Yeah of course not i agree 100% however i feel that not being able to play a song when listening to it does =( it kinda gets me down you know.
 

mcbike

Silver Member
It depends how i'm trying to learn the song, sometimes I just listen to the song a few times and play my version of it. This is what I do if my band is doing a cover, or if somebody demoed a song first.

If I am trying to learn a song note for note, I usually start by transcribing it. I make a loose chart that basically shows the different beats in the songs and counts the bars or repeats, then I will do a full transcription of any measures with fills. Then I play along to the song a few times, and check my transcription and make corrections.

Then a few more times of playing it and it will be memorized.

I have a playlist on my ipod called drum covers and I usually put that playlist on random and play along to the songs that I have learned.
 

Concrete Pete

Senior Member
Hey Crew,

What Brundlefly said!

One thing that has helped me immensely is to download the songs on my MP3 player, and listen to them repeatedly while working, driving, shopping, etc.

I use LIMEWIRE for free MP3 downloads-- great asset.

Cheers,
C. P.
 

yesdog

Silver Member
Most rock songs are fairly predictable, I first get the tempo and feel, and find the key fills that make the song what it is. After that I figure out how many times the verses and choures repeat and when there are breaks in the song. For very challenging stuff like tears of joy for example, I would break the song down into little pieces like learning the first eight bars or the first four bars. when I get that down i go on to the next part , then play the first ywo parts together and move on to the next, until you get it nailed.
 

ChipJohns

Senior Member
If I have a recording I listen to it. If there are some parts hard to figure out, I'll write them out.

Learning the notes is usually pretty quick. Next is learning the blocking of the song.

Have a good friend (Keyboards) who went to Berkley. He played in an band I was in early on when he was still in 10th grade. He played with Scott Ambush when Scott was still in Frederick, MD, (my hometown,) right before he left for SG. After he was back from school we needed him to fill in on last minute notice. In between sets we were out in a car and he was listening to cassettes of our song lists.
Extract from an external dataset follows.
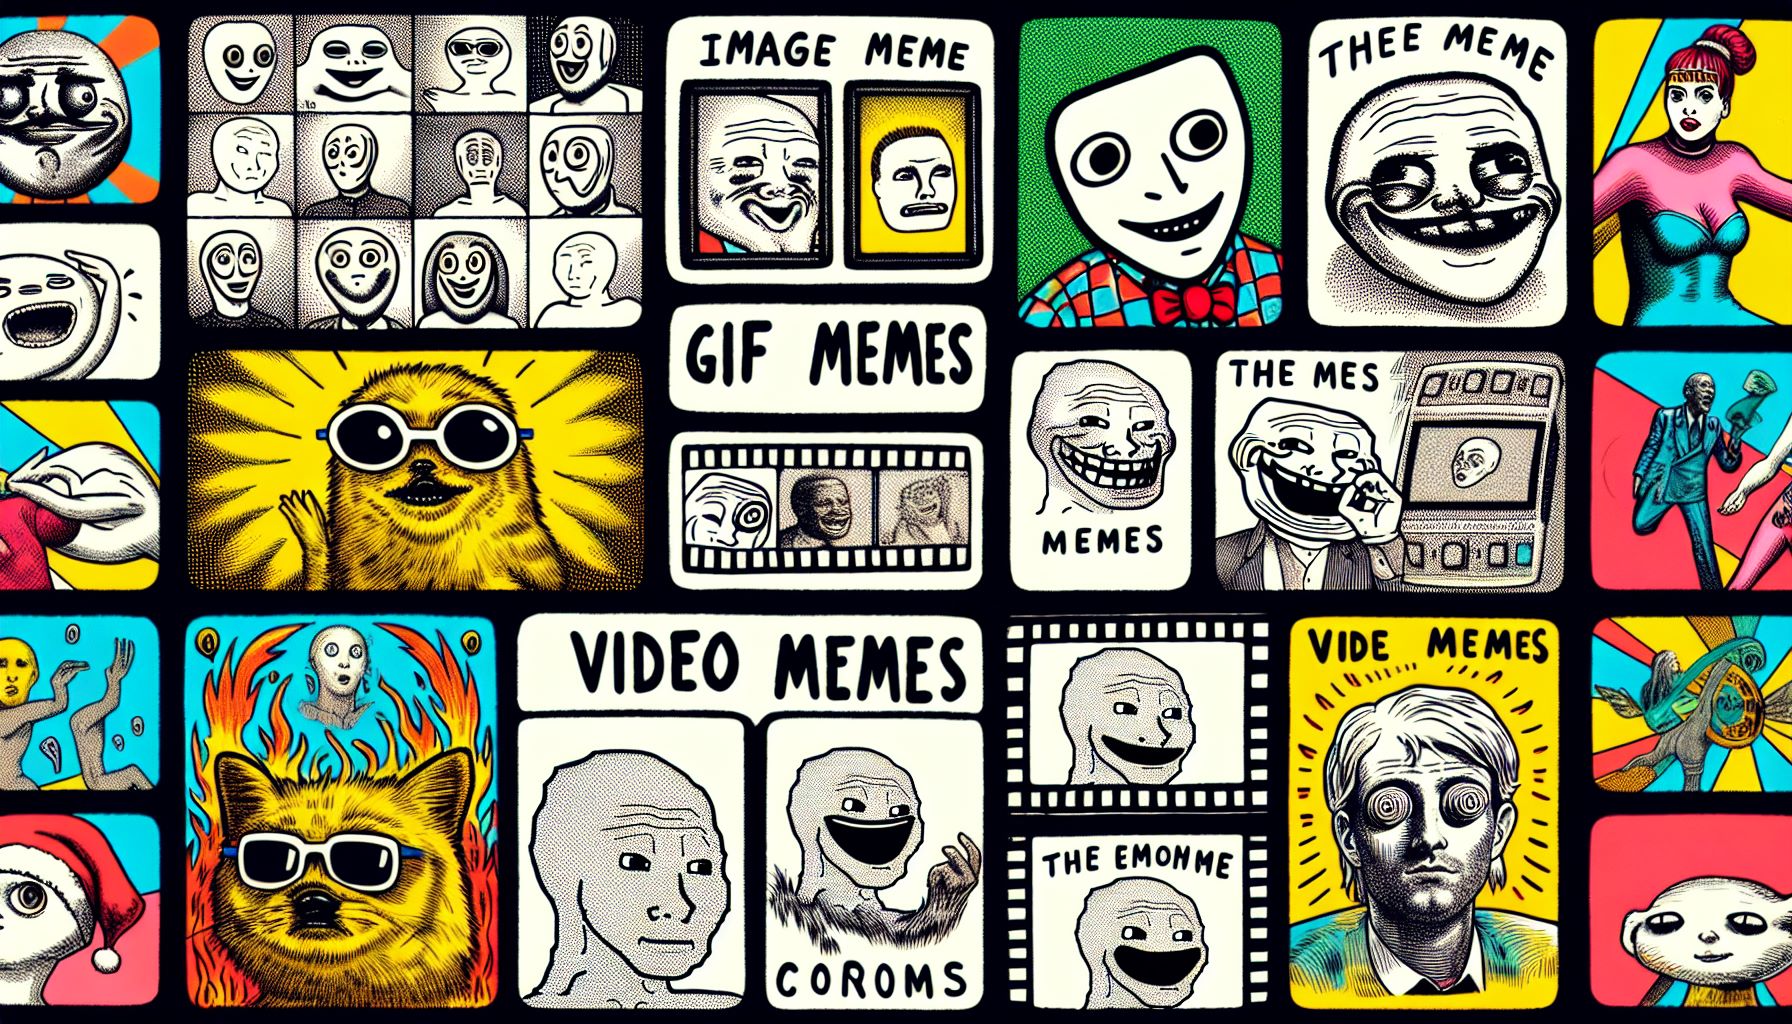 Popular meme formats

Then going in and playing them cold, and, we were playing some interesting stuff a the time... I was always jealous of that..!!
 

BassDriver

Silver Member
Most rock songs are fairly predictable, I first get the tempo and feel, and find the key fills that make the song what it is. After that I figure out how many times the verses and choures repeat and when there are breaks in the song. For very challenging stuff like tears of joy for example, I would break the song down into little pieces like learning the first eight bars or the first four bars. when I get that down i go on to the next part , then play the first ywo parts together and move on to the next, until you get it nailed.
Agreed. If one listens to songs that use odd-time signatures (Meshuggah, Tool, Dream Theater), one would also have to count in the bars to find the time signatures, you can't always assume that all music is in 4/4.